ABOUT THIS EXERCISE — Everything in the listing except the pictures should be written out exactly.

#### SUPPLIED INFORMATION

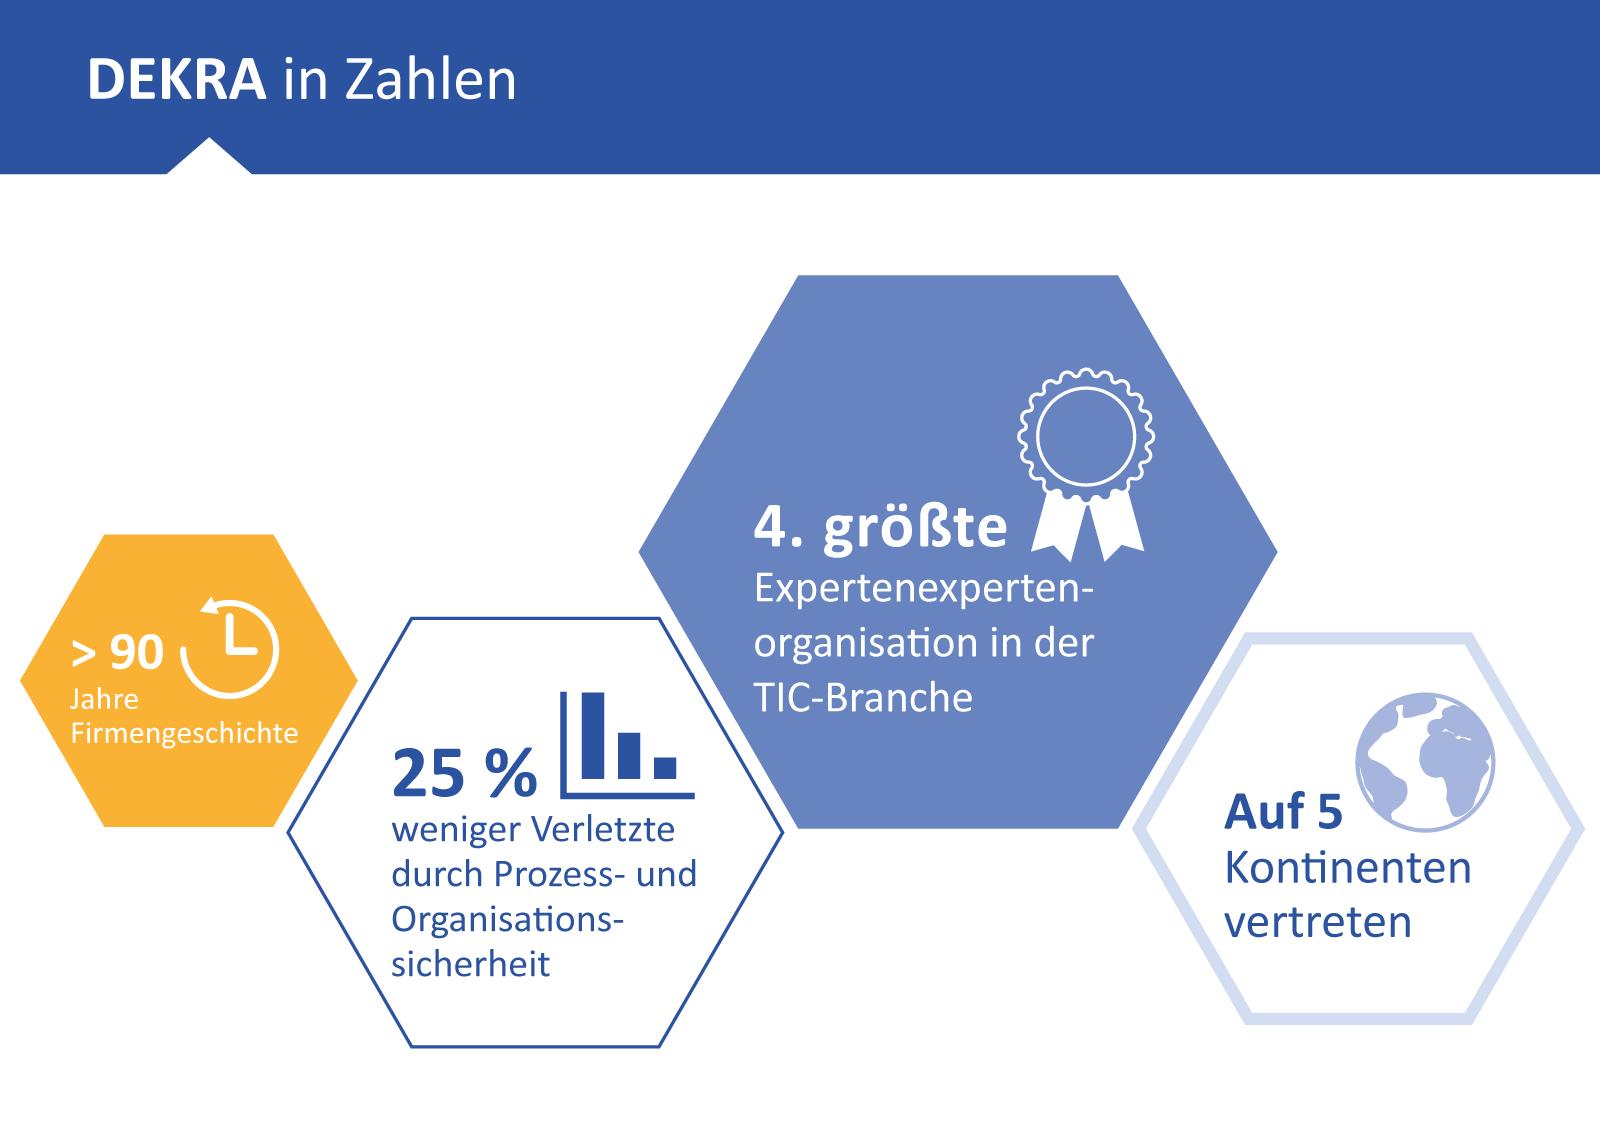 Portrino Referenz: DEKRA Gruppe in Zahlen
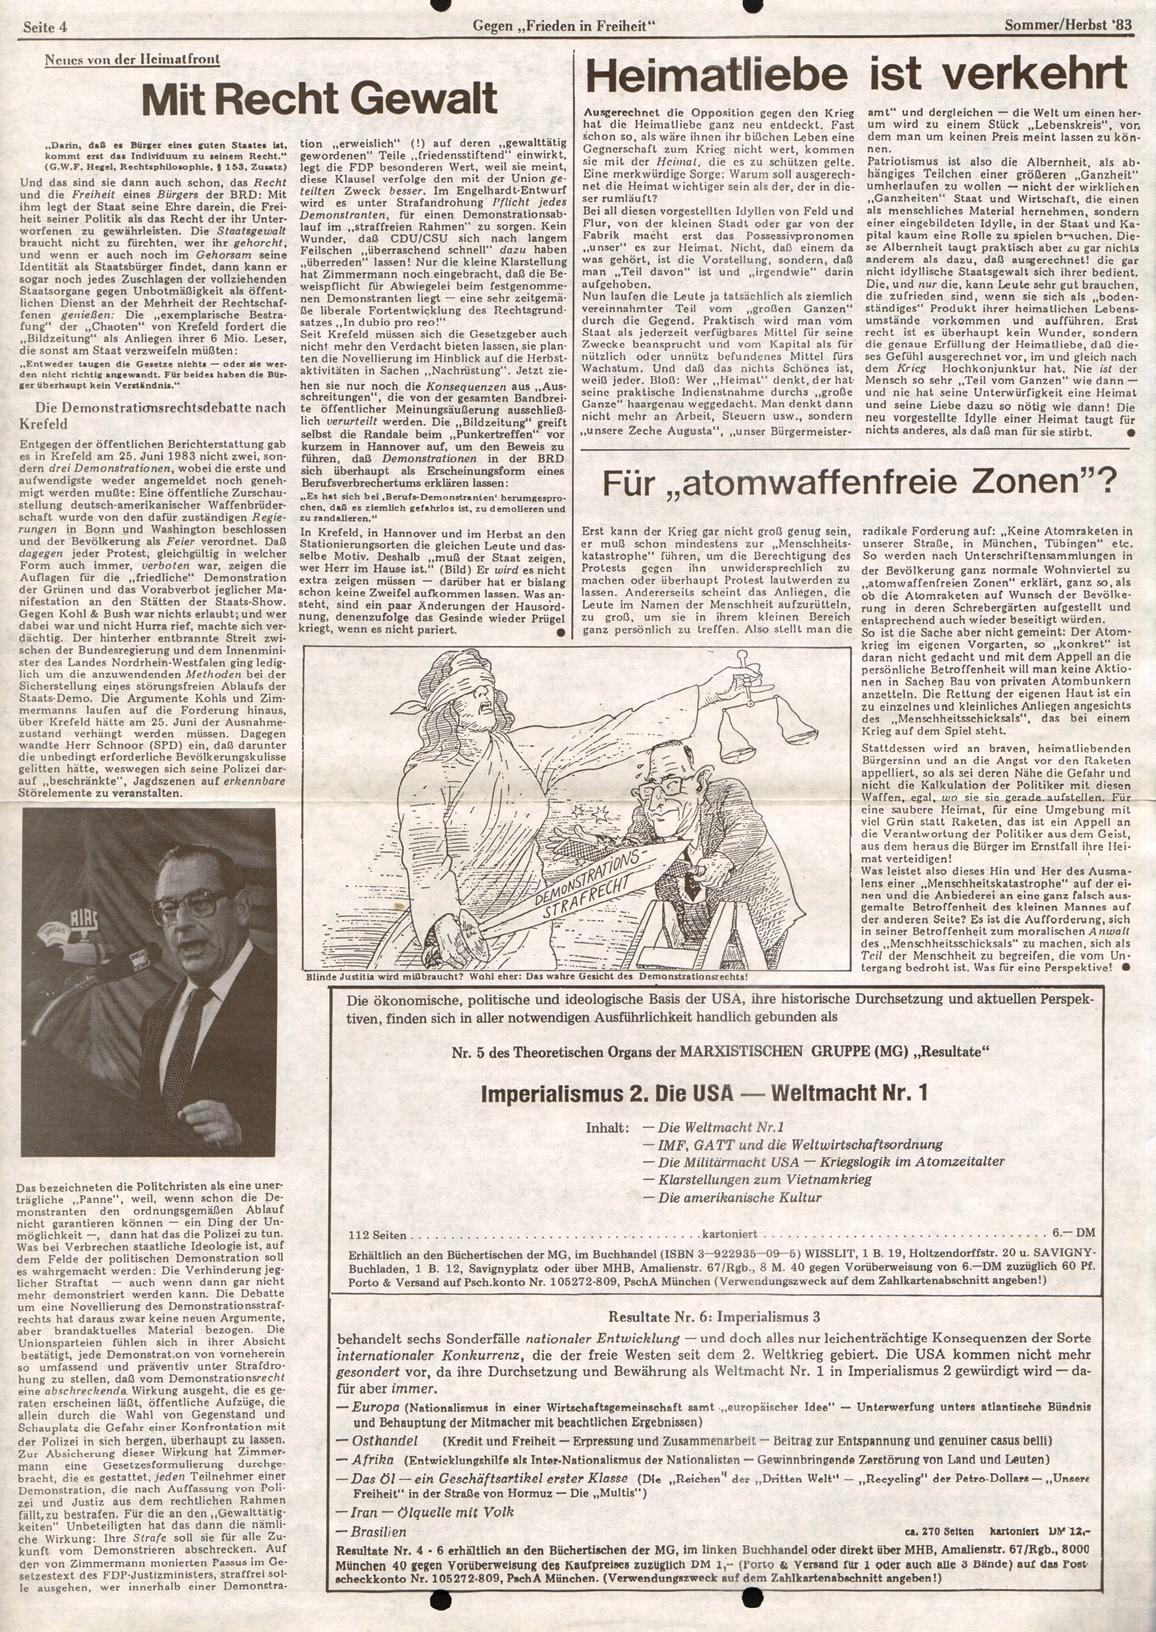 Berlin_MG_FB_19831000_04
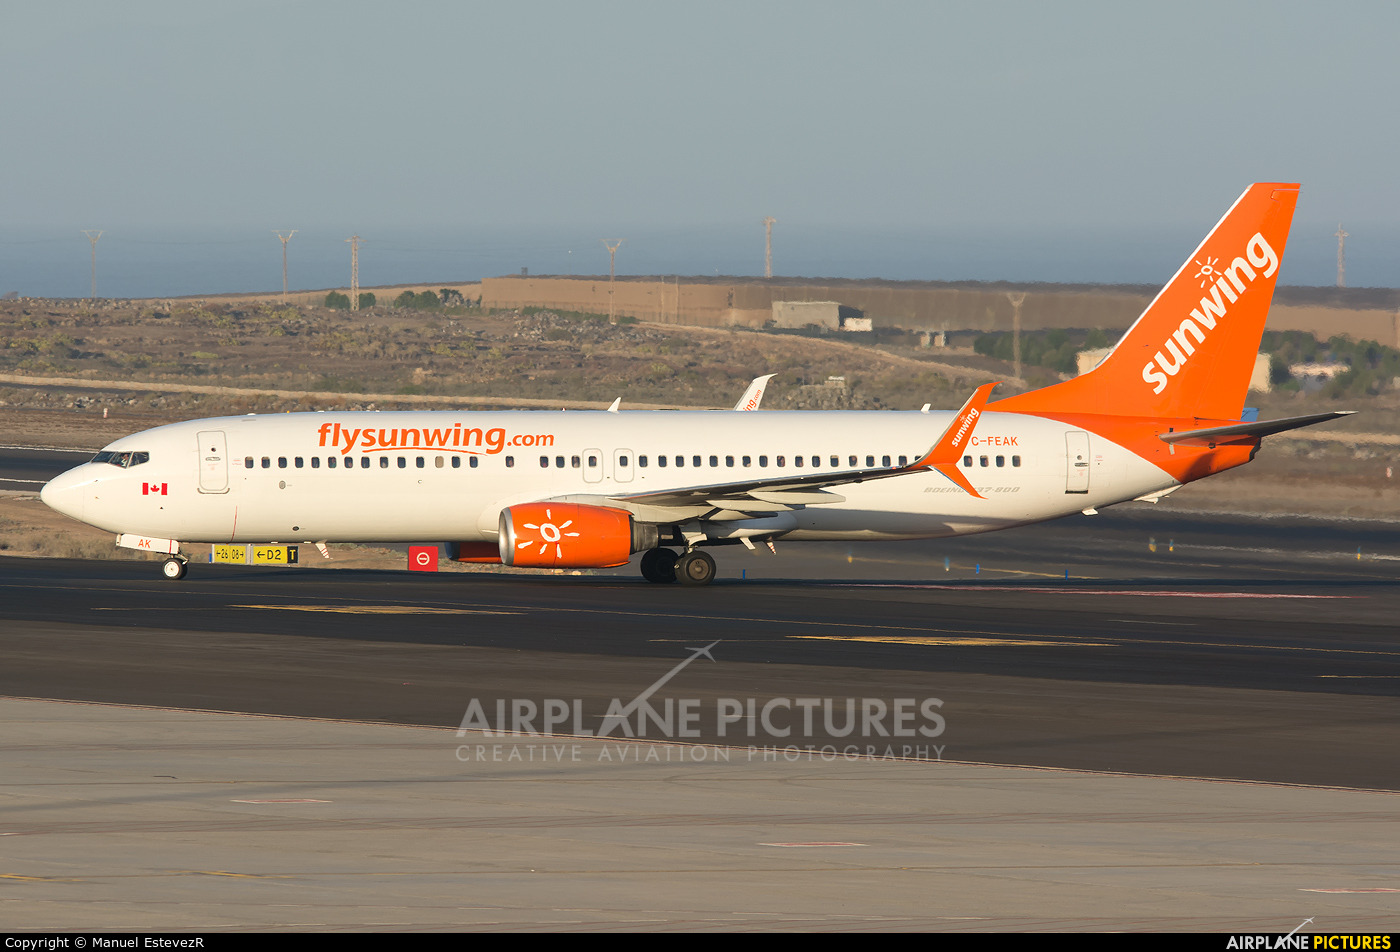 Sunwing Airlines C-FEAK aircraft at Tenerife Sur - Reina Sofia
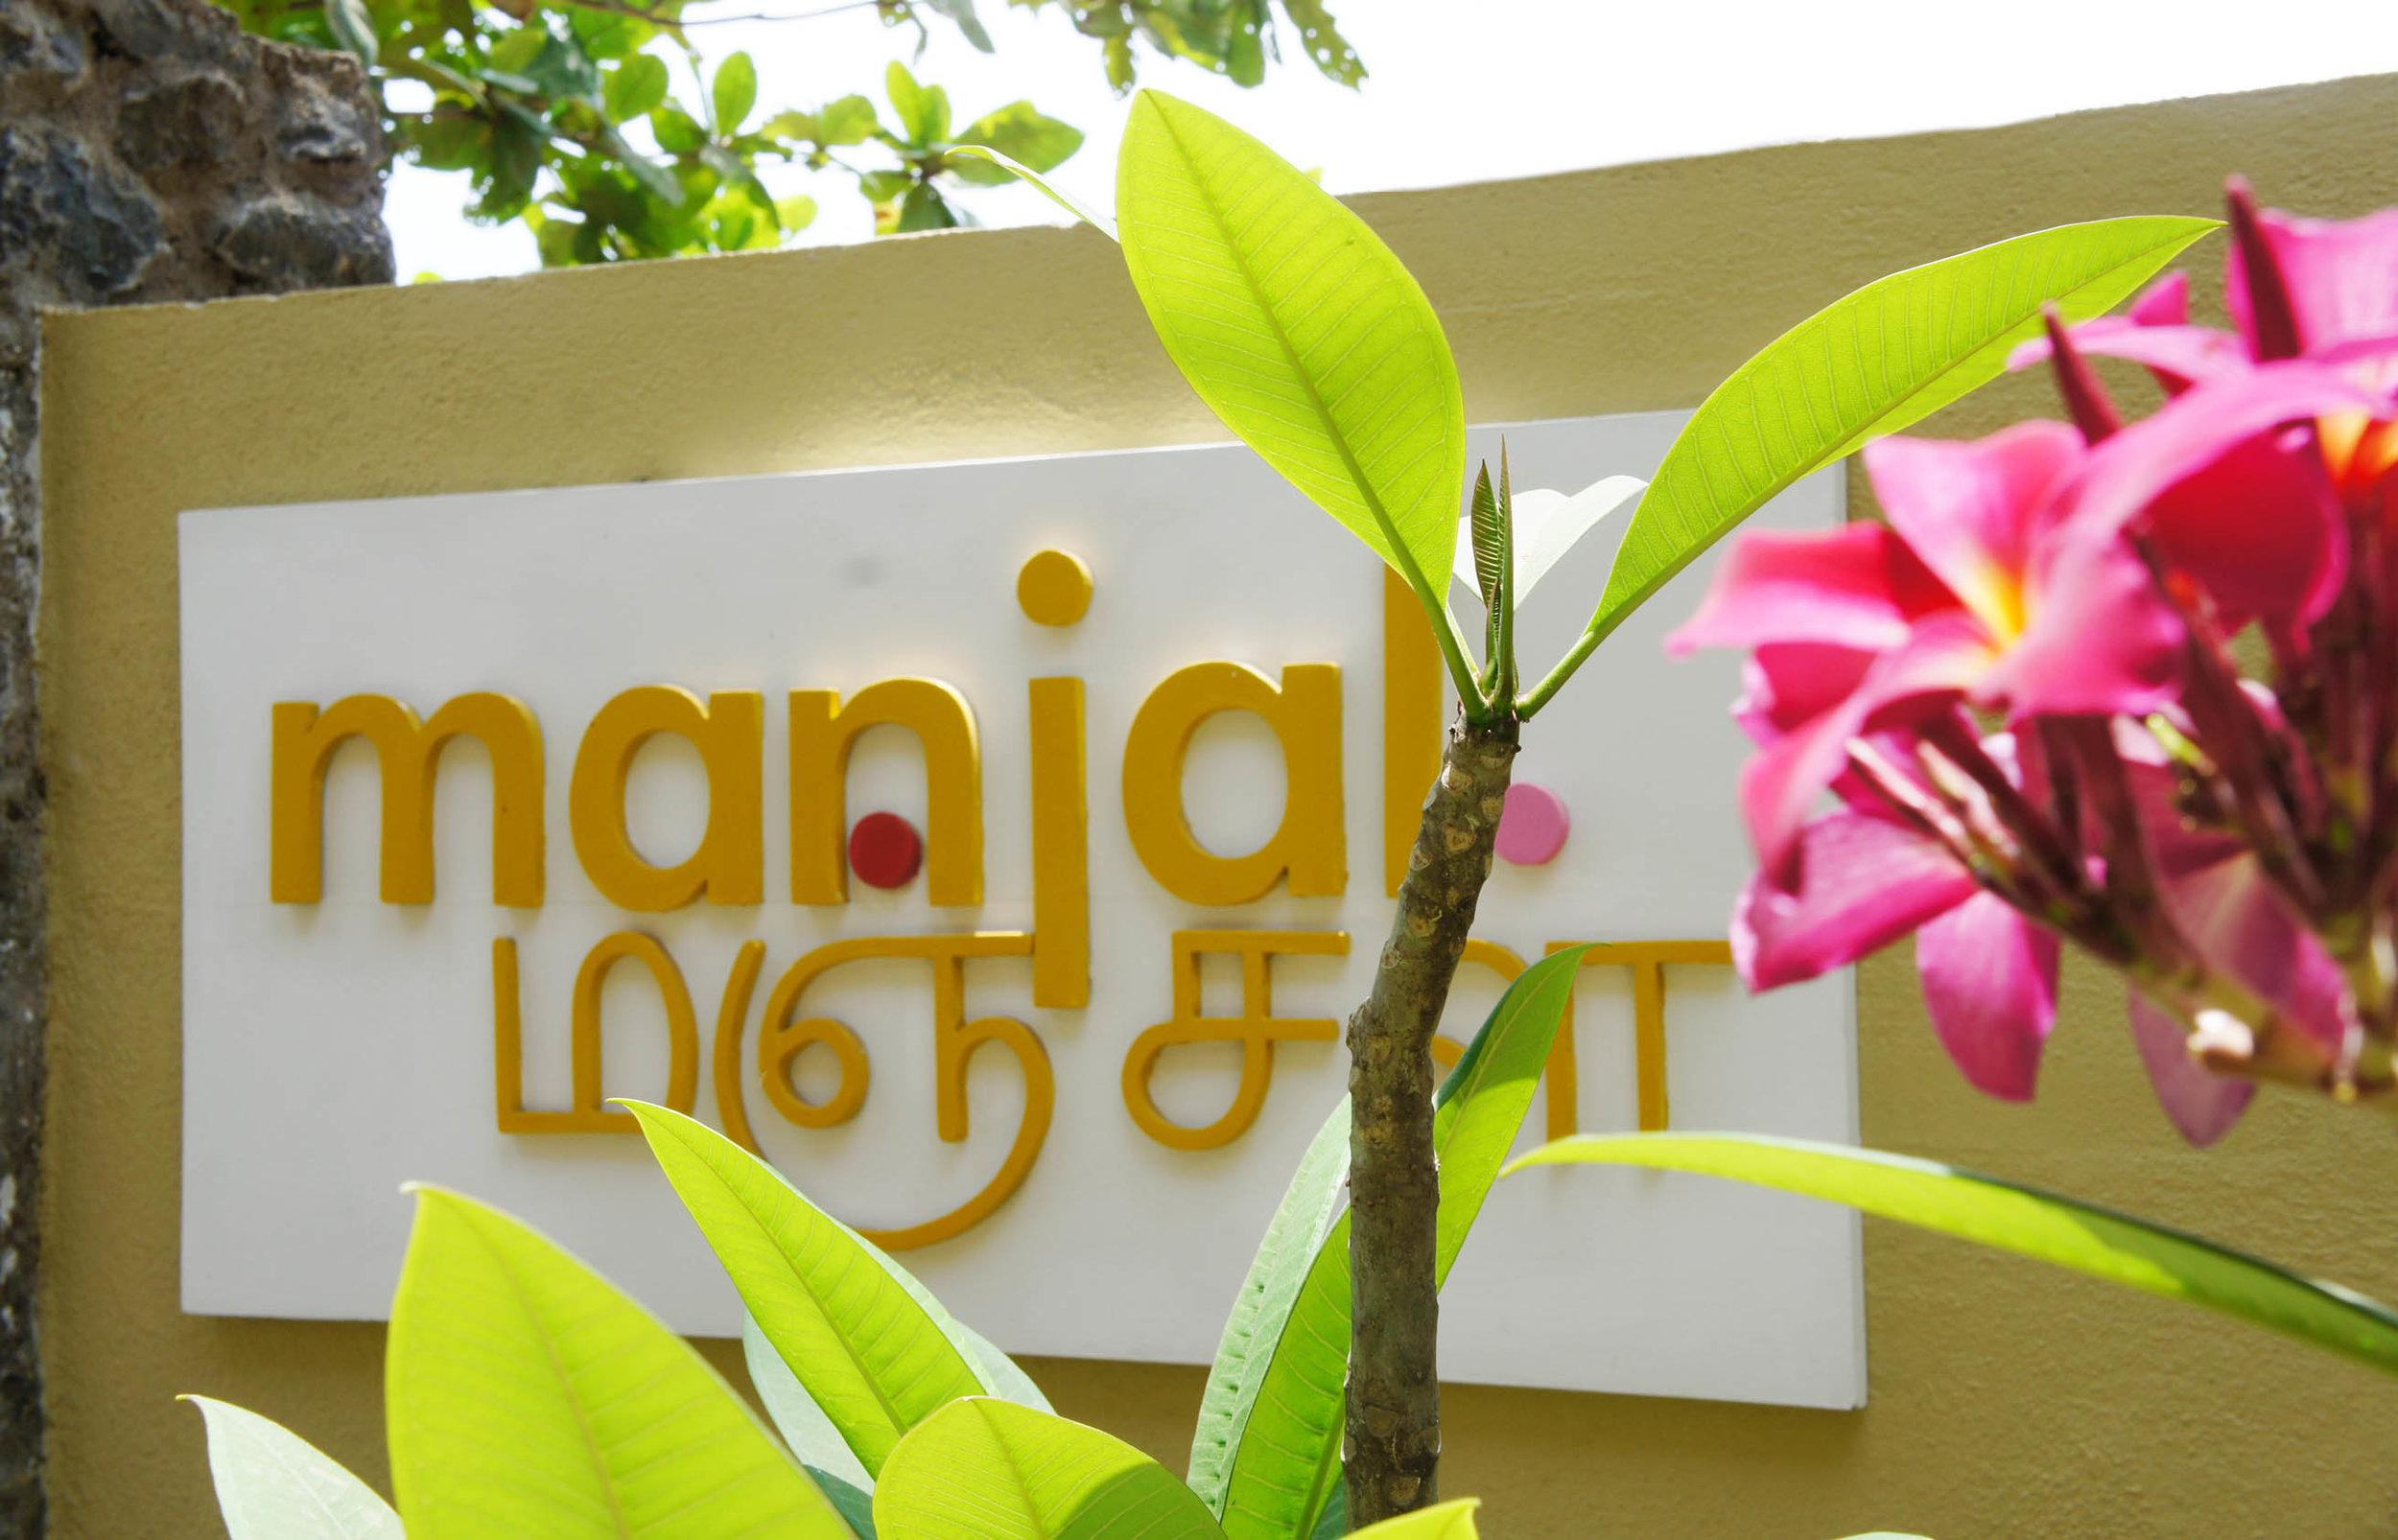 Photo Courtesy M.Rm.Rm Cultural Foundation

########

WRITTEN RESPONSE —
 Portrino Referenz: DEKRA Gruppe in Zahlen
 Berlin_MG_FB_19831000_04
 Sunwing Airlines C-FEAK aircraft at Tenerife Sur - Reina Sofia
 Photo Courtesy M.Rm.Rm Cultural Foundation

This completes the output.